As our planet is slightly tilted on its axis, it is not only cold but also dark at the poles in winter. Of course, only at the respective winter pole. (Meanwhile, it is cold and bright at the other pole.) At the moment, it is winter at the North Pole and the radiation balance is particularly negative. This means that it is getting colder and colder because the sun is not shining. Cold air is denser than warm air, which is why a lot of air is currently flowing towards the ground at the North Pole. This causes the air pressure on the ground to rise, while it sinks at altitude. The result is a so-called high-altitude low, also known as a polar vortex. In contrast to dynamic lows, which are caused by air mass movements, the polar vortex is a thermal low, i.e. one that is formed by temperature differences. Like all other lows, the polar vortex rotates anti-clockwise in the northern hemisphere (viewed from above). The southern polar vortex, i.e. the one over Antarctica, usually looks really quite swirly and round, as the temperature contrasts are sharper due to the land-water arrangement there and the polar vortex is more or less enclosed by extremely pronounced westerly winds. In the north, on the other hand, several low-pressure centers often form, wafting around in a loose network. There is often a center over Baffin Island and one over northeast Siberia. This low-pressure formation over the polar region is a kind of motor for our winter weather. As it rotates anti-clockwise, "the weather" moves from west to east. (Prize question: Which way does "the weather" move in the southern hemisphere?) The closer the pressure centers are to each other, or the rounder the polar vortex is, the straighter the west-east flow. An intact, strong polar vortex therefore tends to provide us with rapidly changing, Atlantic-influenced weather. If a strong wedge forms somewhere and transports warm air far to the north, the polar vortex can be disrupted or even split into two completely separate centers. This upsets the entire circulation because the usual west-east highway is suddenly diverted and snakes around. A polar vortex split therefore often brings us meriodonal weather patterns with a strong tendency to persist. When there are demonstrations on the Inntal highway because of the new toll sticker and you have to take winding detours, you can't get anywhere either.

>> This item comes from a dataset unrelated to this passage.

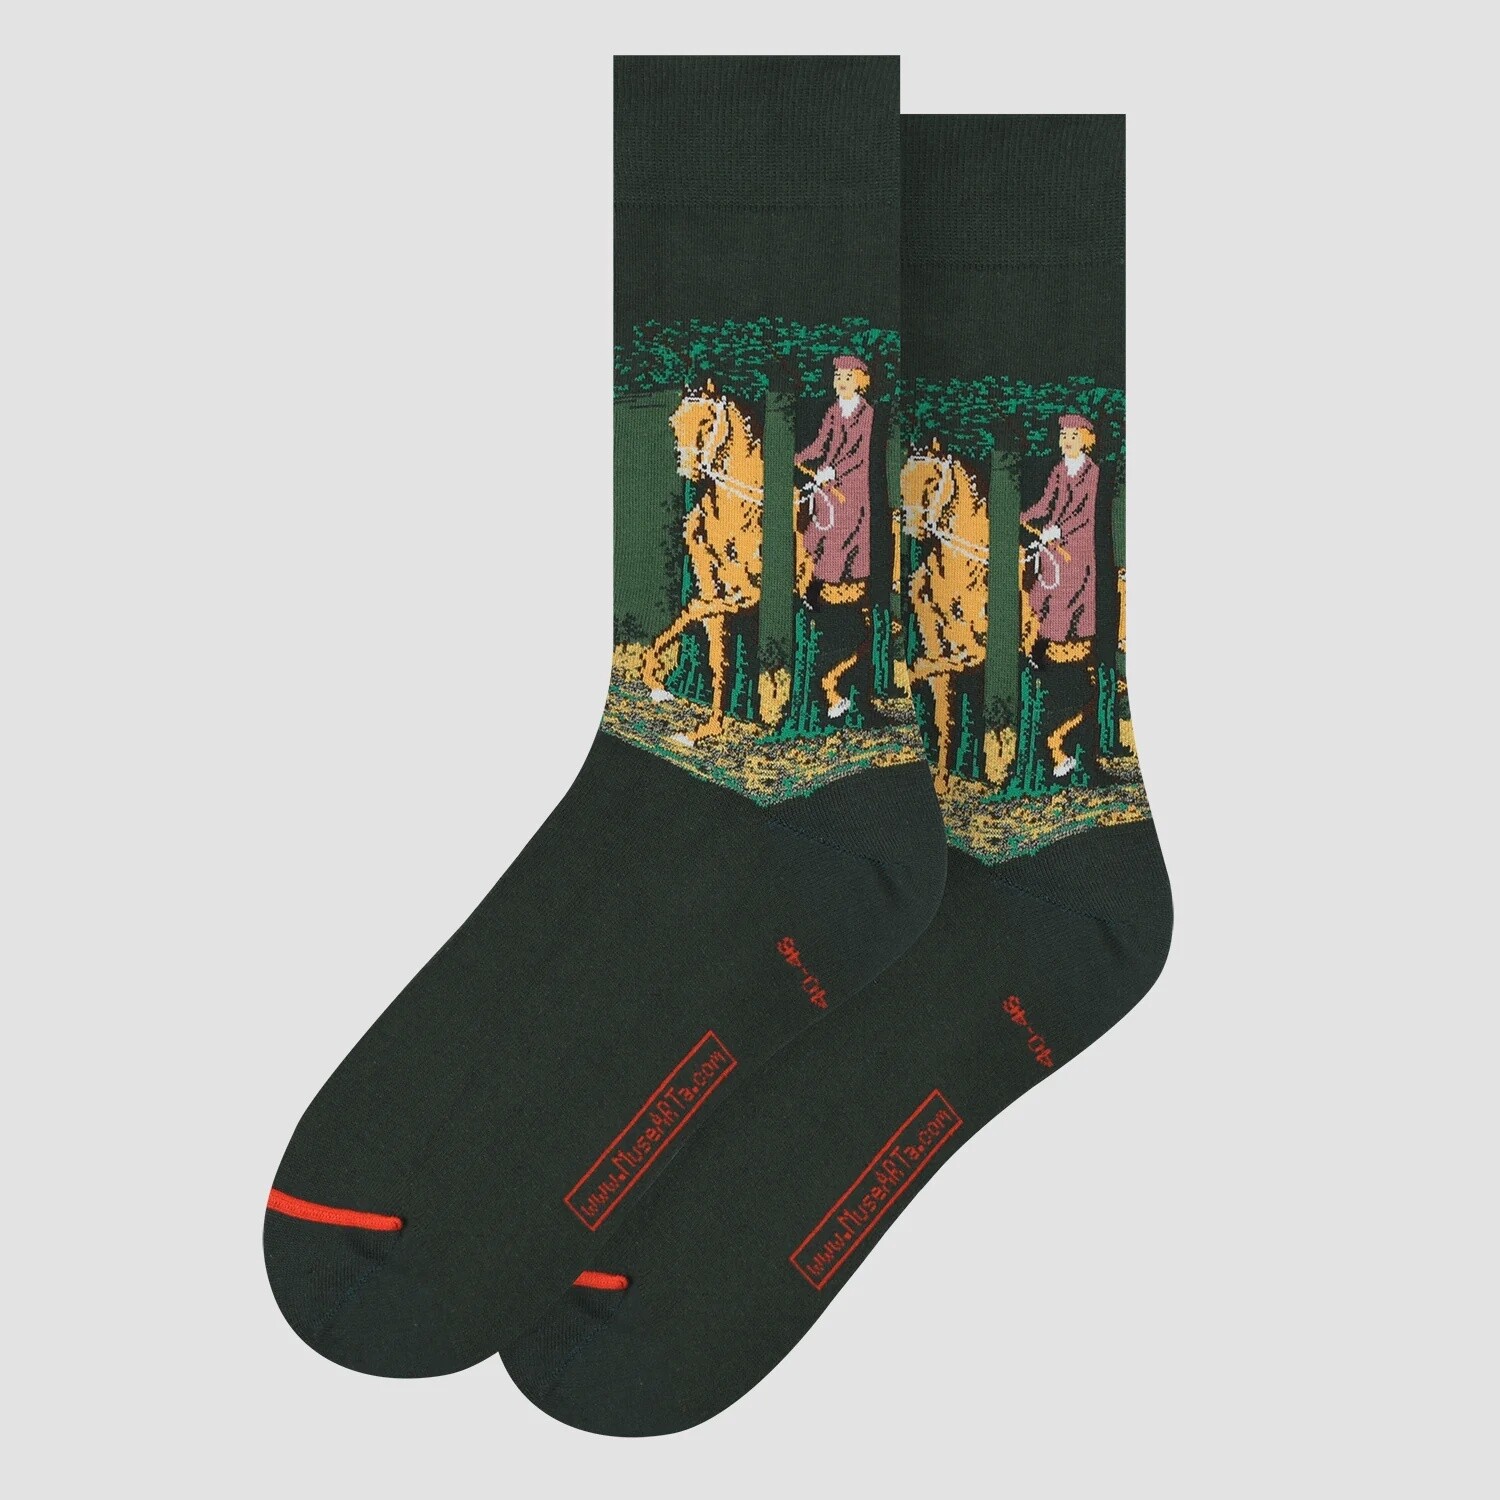 “The Blank Signature” by Rene Magritte Socks

This map from today (Wednesday, 4.12.13) shows the pressure distribution over the northern hemisphere from a Eurocentric bird's eye view. (The North Pole is in the middle, Europe is at the bottom, Asia is largely upside down). The polar vortex is a large purple blob and in our area the current runs from west to east without any major waves.
In the forecast for Friday, a wedge is pushing northwards over the Atlantic, while a trough is spreading over Central Europe, which will hopefully provide significant fresh snow in areas of northern congestion, but as I said, we'll leave that to the oracle.
Another week later, on Friday, December 13, at least the ECMWF model sees a decent split. The wedge has cut through the polar vortex and shifted to the east. This would block the highway and it would remain dry, relatively warm and sunny in the Alps on a quasi-permanent basis. This map is particularly unattractive in this respect, but the general trend after the weekend is pretty clearly in this direction.